» **MATERIAL SHOWN**
++++++++

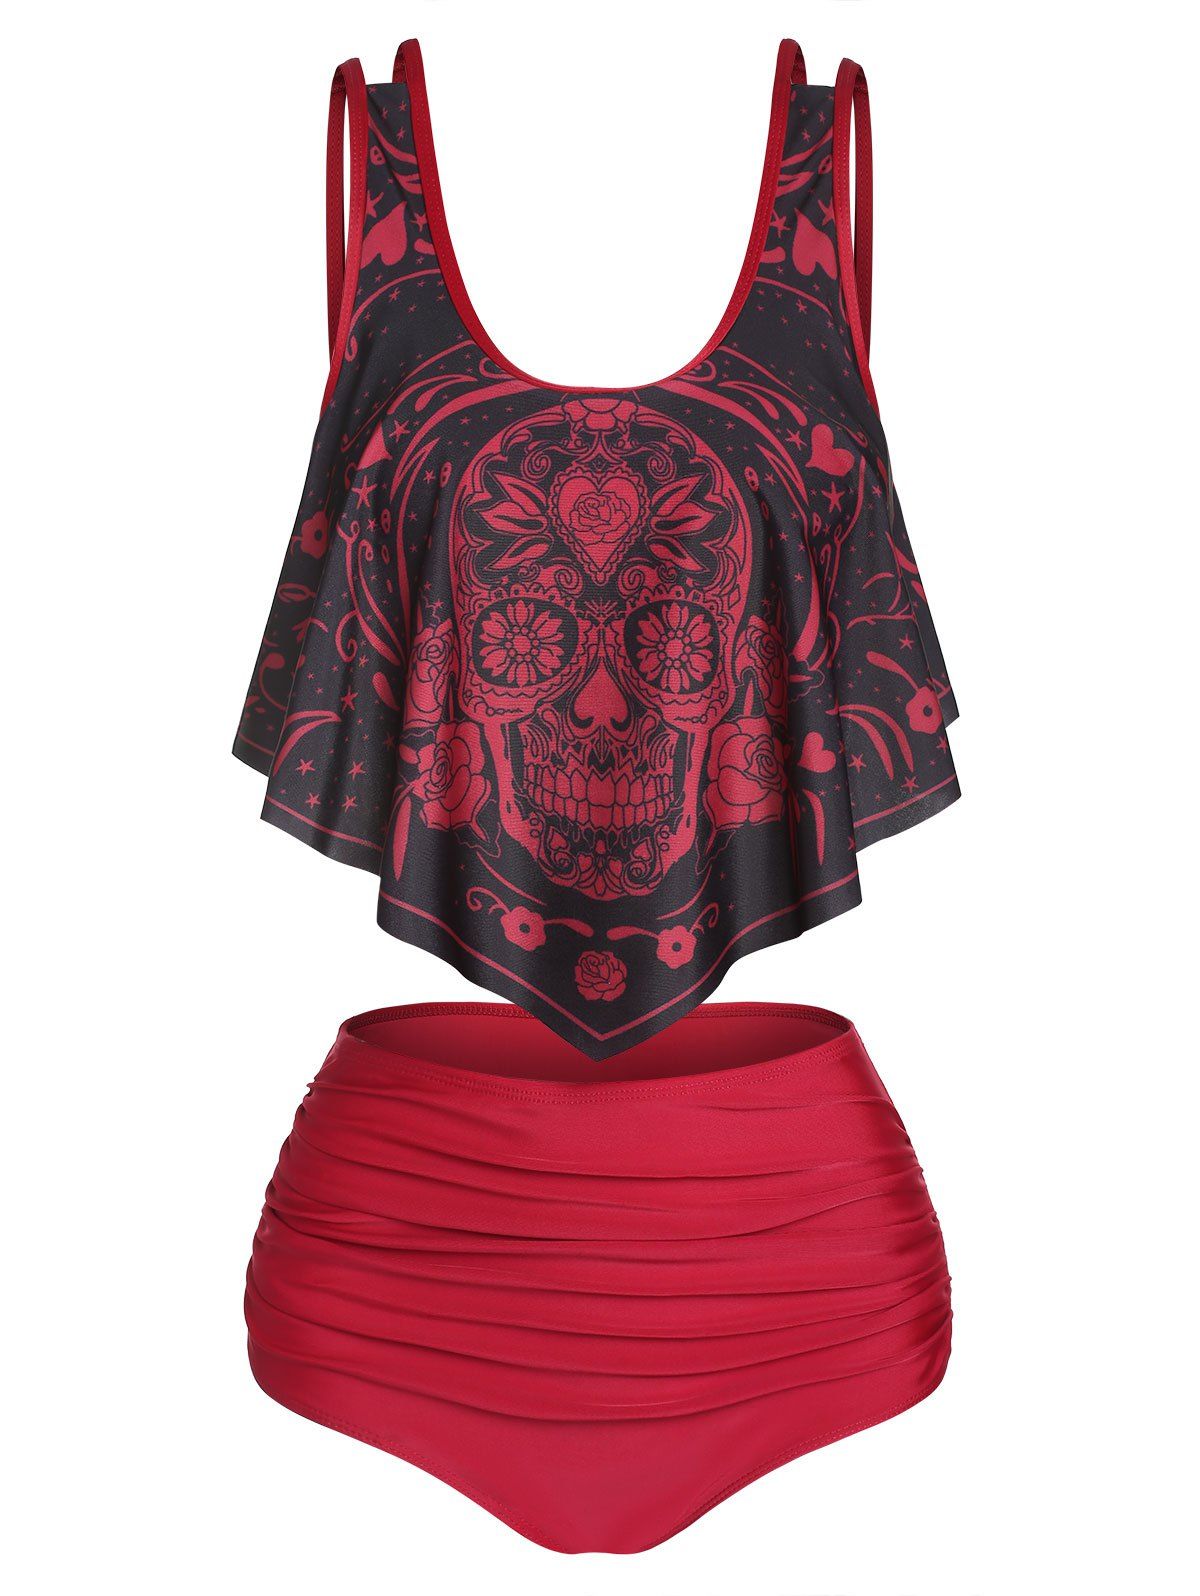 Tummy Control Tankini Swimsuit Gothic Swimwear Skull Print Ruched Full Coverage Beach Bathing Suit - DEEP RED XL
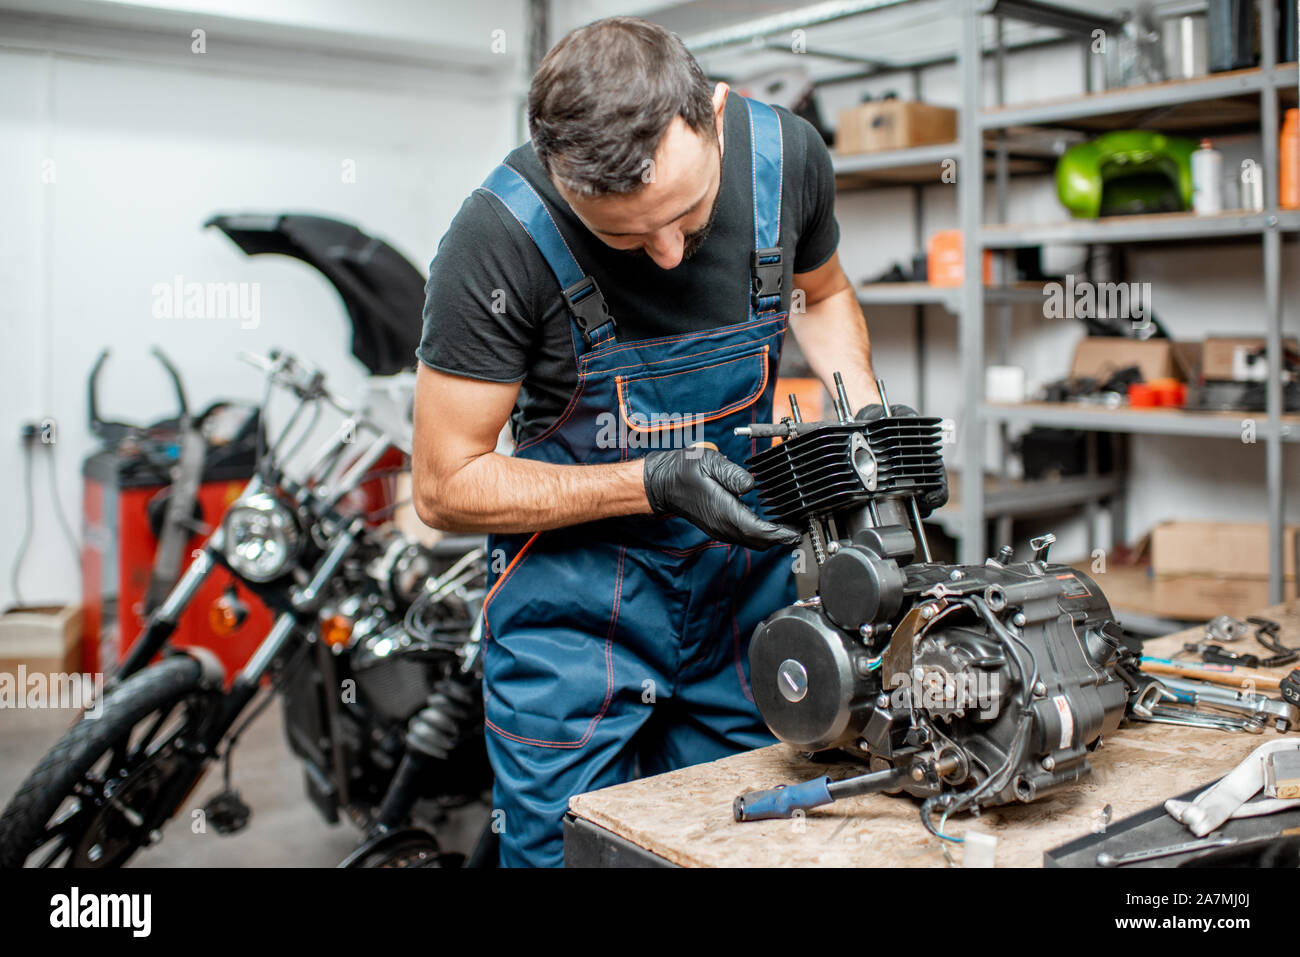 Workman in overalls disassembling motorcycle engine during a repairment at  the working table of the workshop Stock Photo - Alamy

++++++++

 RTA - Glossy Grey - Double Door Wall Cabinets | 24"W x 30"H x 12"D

++++++++

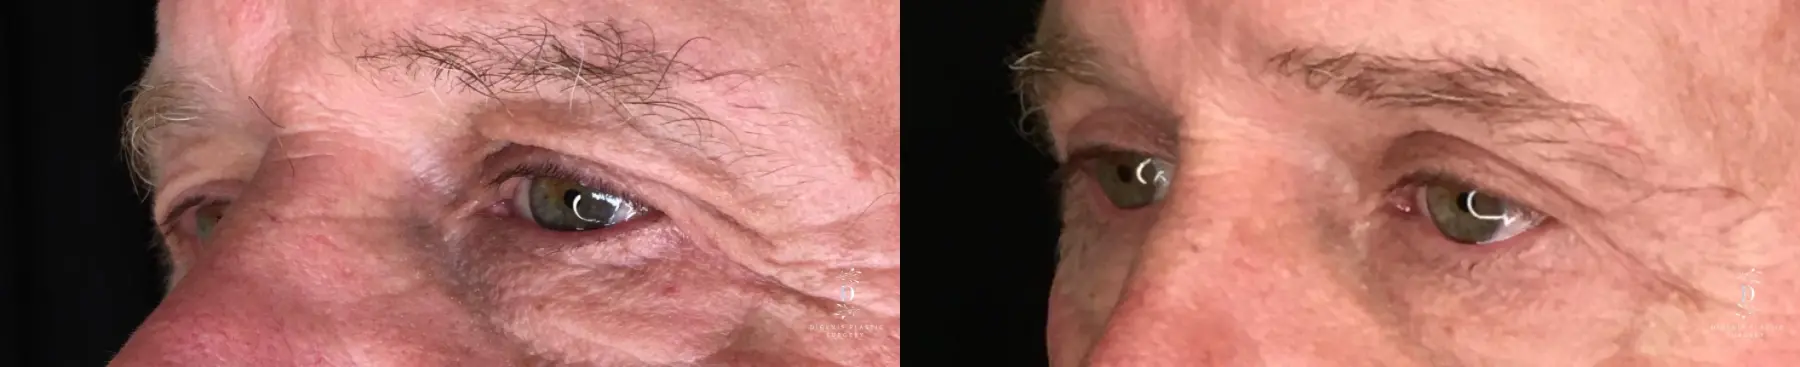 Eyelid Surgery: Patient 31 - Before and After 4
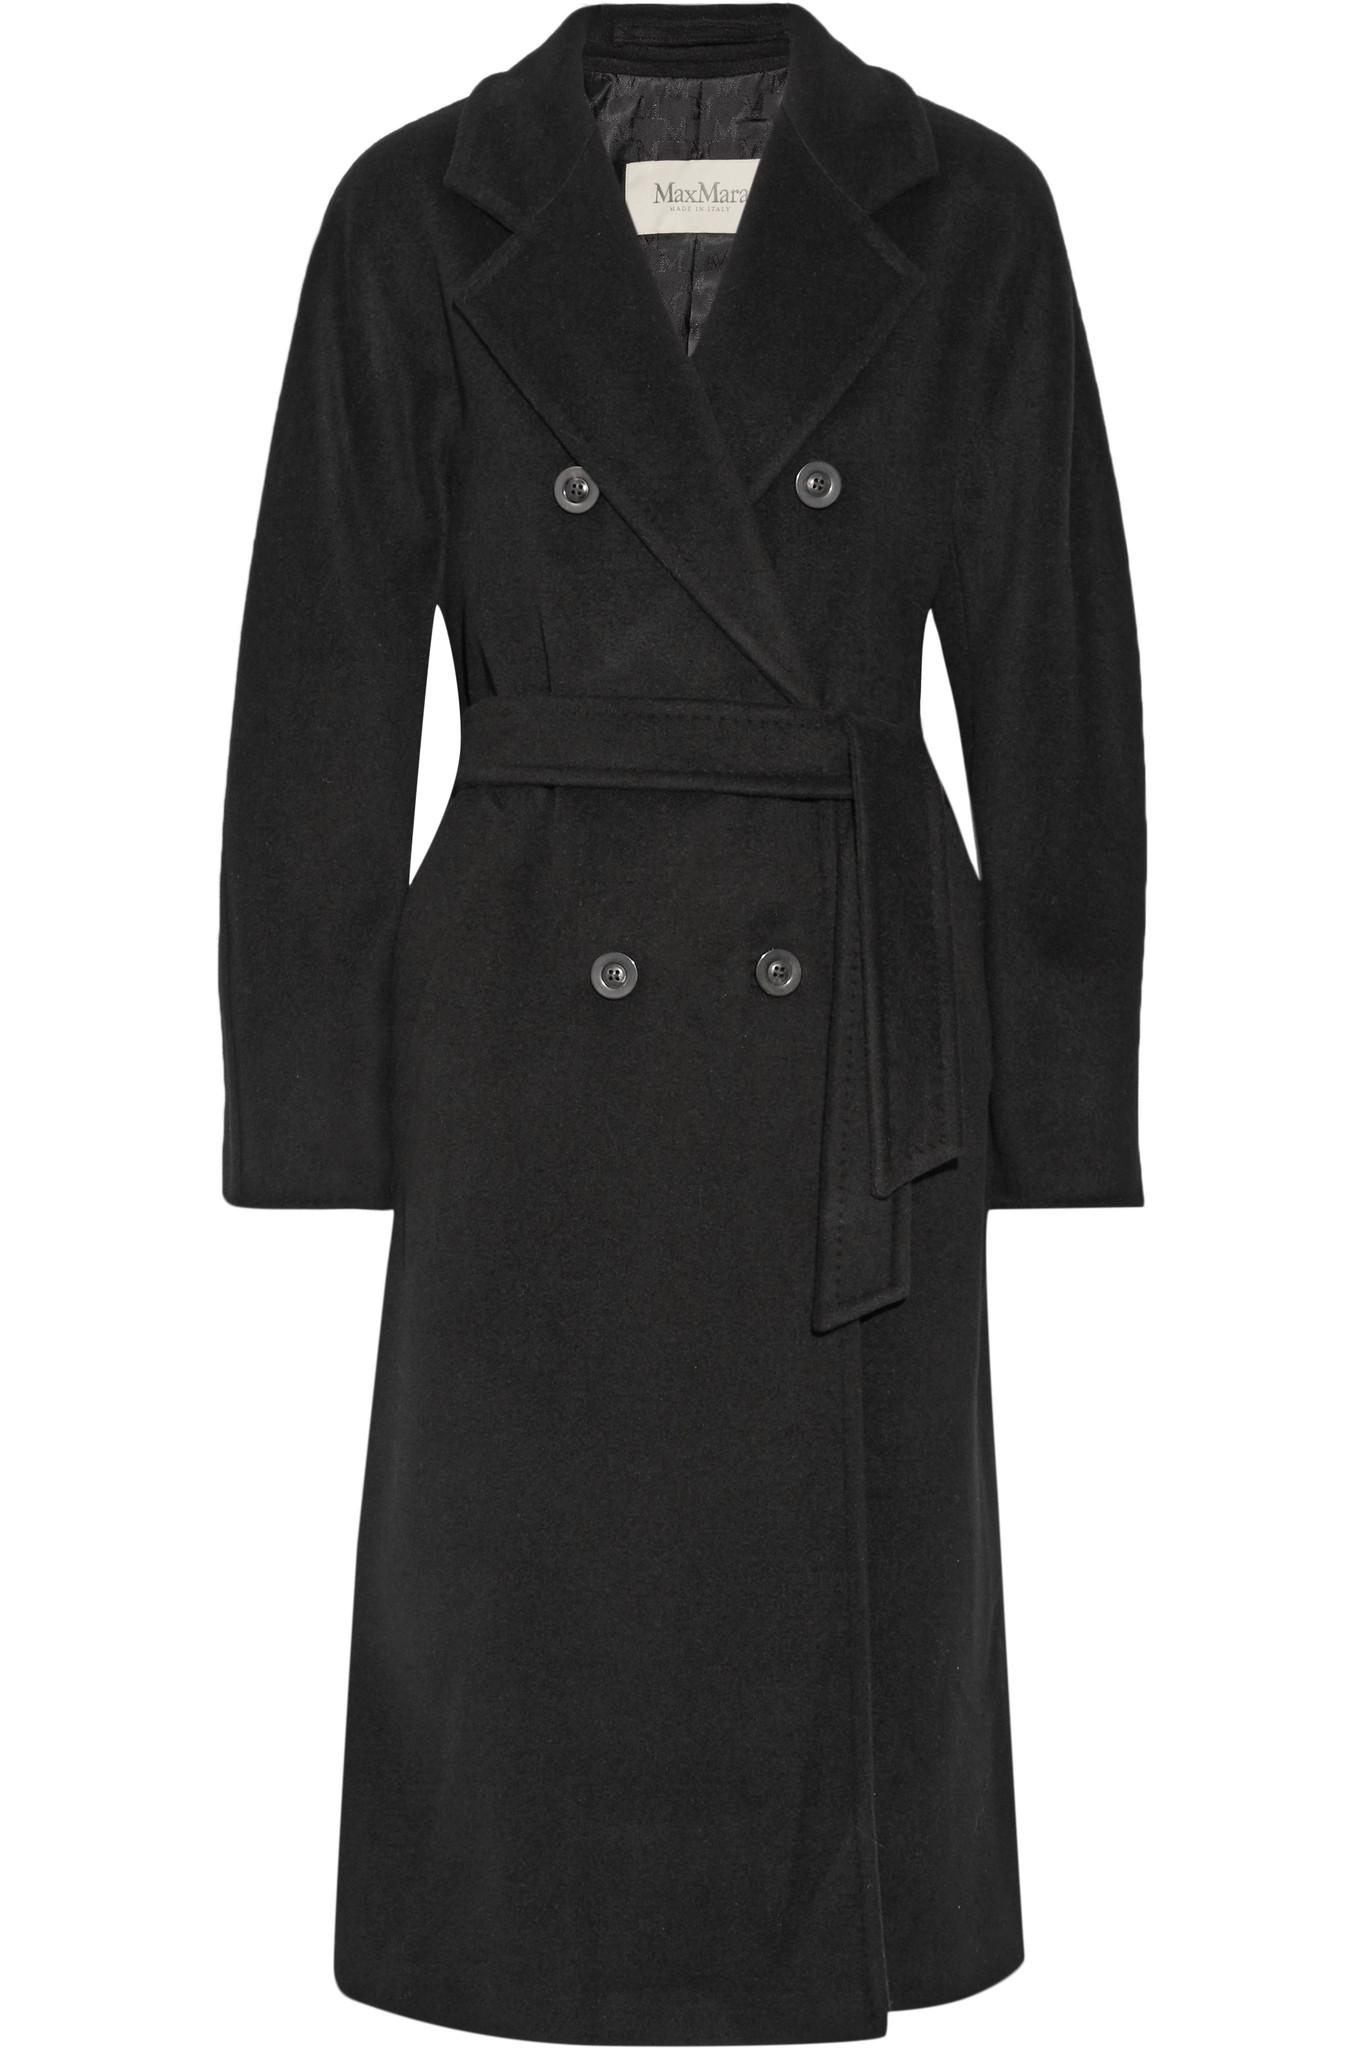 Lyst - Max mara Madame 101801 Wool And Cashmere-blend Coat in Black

++++++++

» **WORK TO BE COMPLETED**
Pictures in the material above should be skipped; print exactly the lines from the one with "Tummy Control Tankini" through the one with "Workman in overalls".

» **SOLUTION FOR THIS EXERCISE**
 Tummy Control Tankini Swimsuit Gothic Swimwear Skull Print Ruched Full Coverage Beach Bathing Suit - DEEP RED XL
 Workman in overalls disassembling motorcycle engine during a repairment at  the working table of the workshop Stock Photo - Alamy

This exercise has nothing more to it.